Dox gave a slow nod. “I think so. They’re shifting the rib back in place. Once it’s there, then she should heal up.”

“How are they shifting it back in place?” Liam asked, a cold pulse of dread thrumming through him.

Dox swallowed hard, the glint of his lip ring catching the light. “They had to cut her open. I left before—”

Without another thought Liam bolted for the door, but Dox caught him around the waist and threw him backward.

Snarling, Liam charged forward again, but he hadn’t taken two steps, and then he couldn’t move at all. Not even his head. A spell held him fast, took away his freedom. Just like before. Sweat and fear slid through him, which only enraged his wolf.

“I’m sorry, Liam. You have to stay here,” Pamela said, but all he heard was Milly’s voice, her taunting words, and the feel of the collar around his neck.
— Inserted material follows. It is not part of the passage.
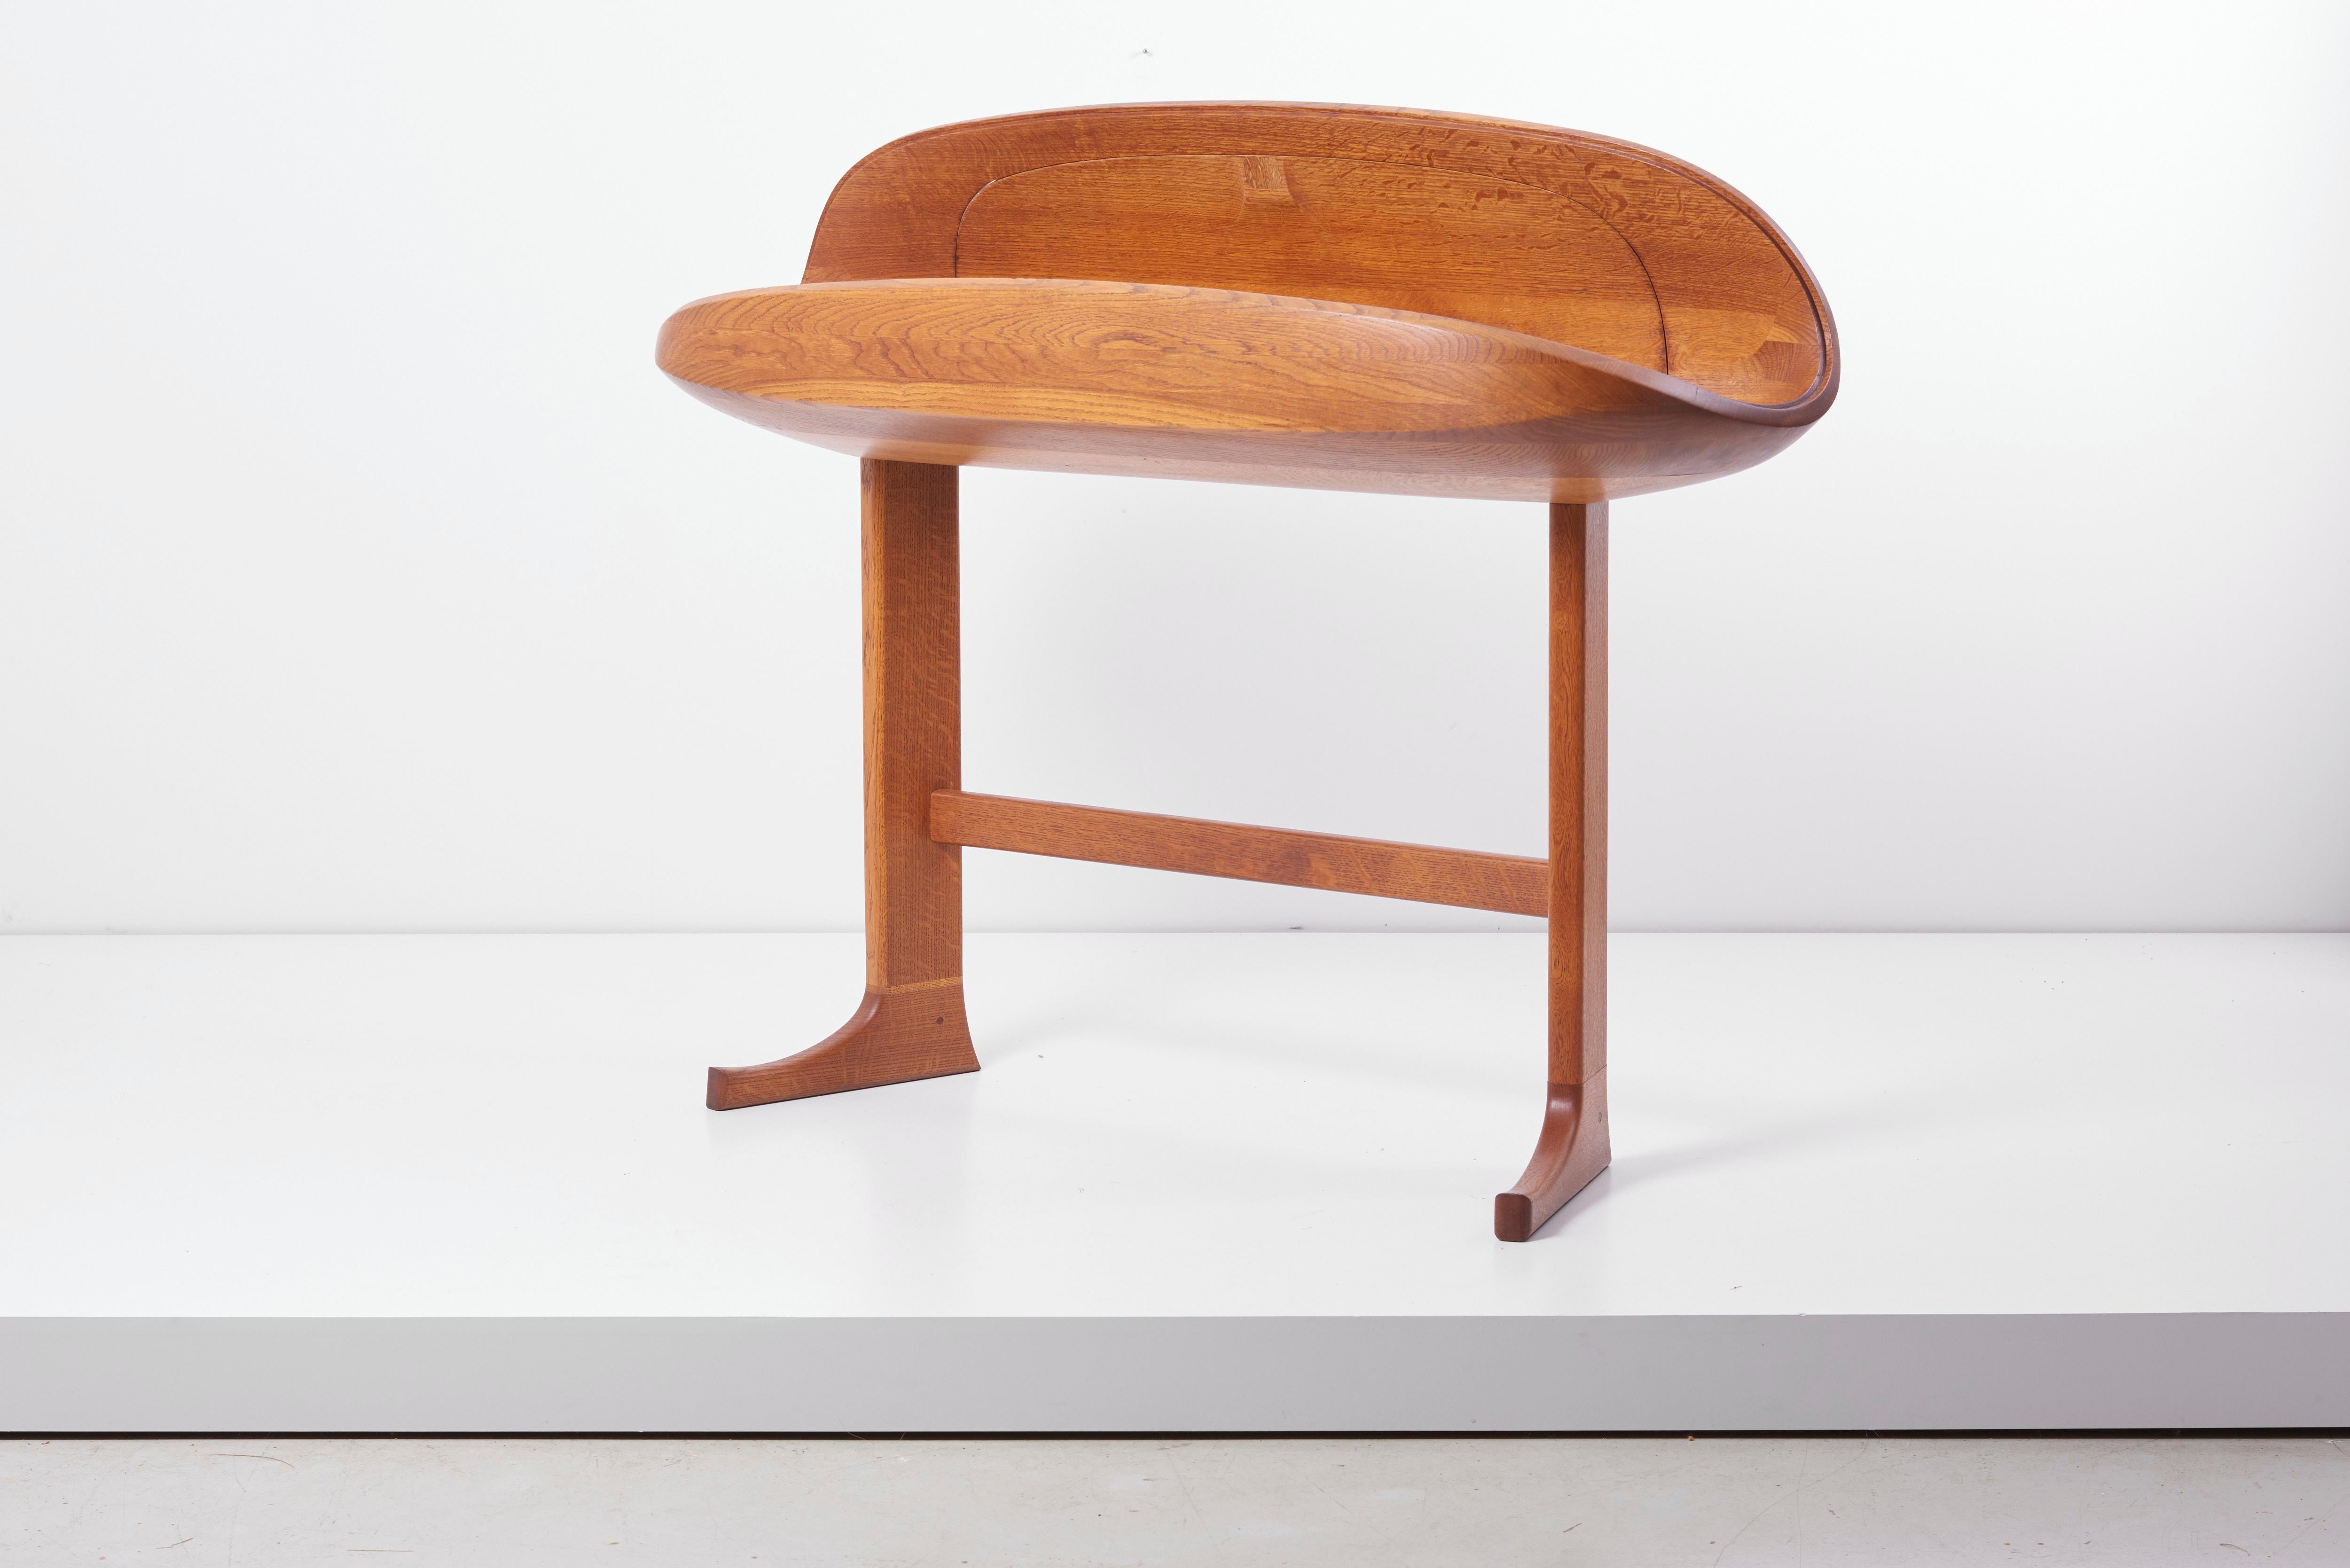 Unique sculptural display case in oak from 1965 by craftsmen Donald Lloyd Mckinley (signed). Glass dome is missing (needs a rear window from a 1954s Plymouth).

No, Pamela would never be trusted. And if she wasn’t careful, that lack of trust would bring them head to head.

And just like the other witches he’d dealt with, she’d lose.

Chapter 5

THE THING WITH being unconscious is that your mind can play tricks on you. Nasty ones, as usually is my case.

I could have sworn that there were hands inside of me, moving bits and pieces around. I didn’t feel pain, just pressure and soft voices, then the sound of my skin popping, as a needle and thread sewed me up in layers. But how could that all be when we were in London, at Jack’s place … no, there had been a giant and red caps. The memories slid through me as the last stitch tightened, pulling my wound together. I lay there on my back in the back seat of Dox’s truck, my body slick with sweat and blood, the smell of whatever herbs and poultices the Shamans had used were heavy in the air and gave me a pleasant, tingling numbness all over.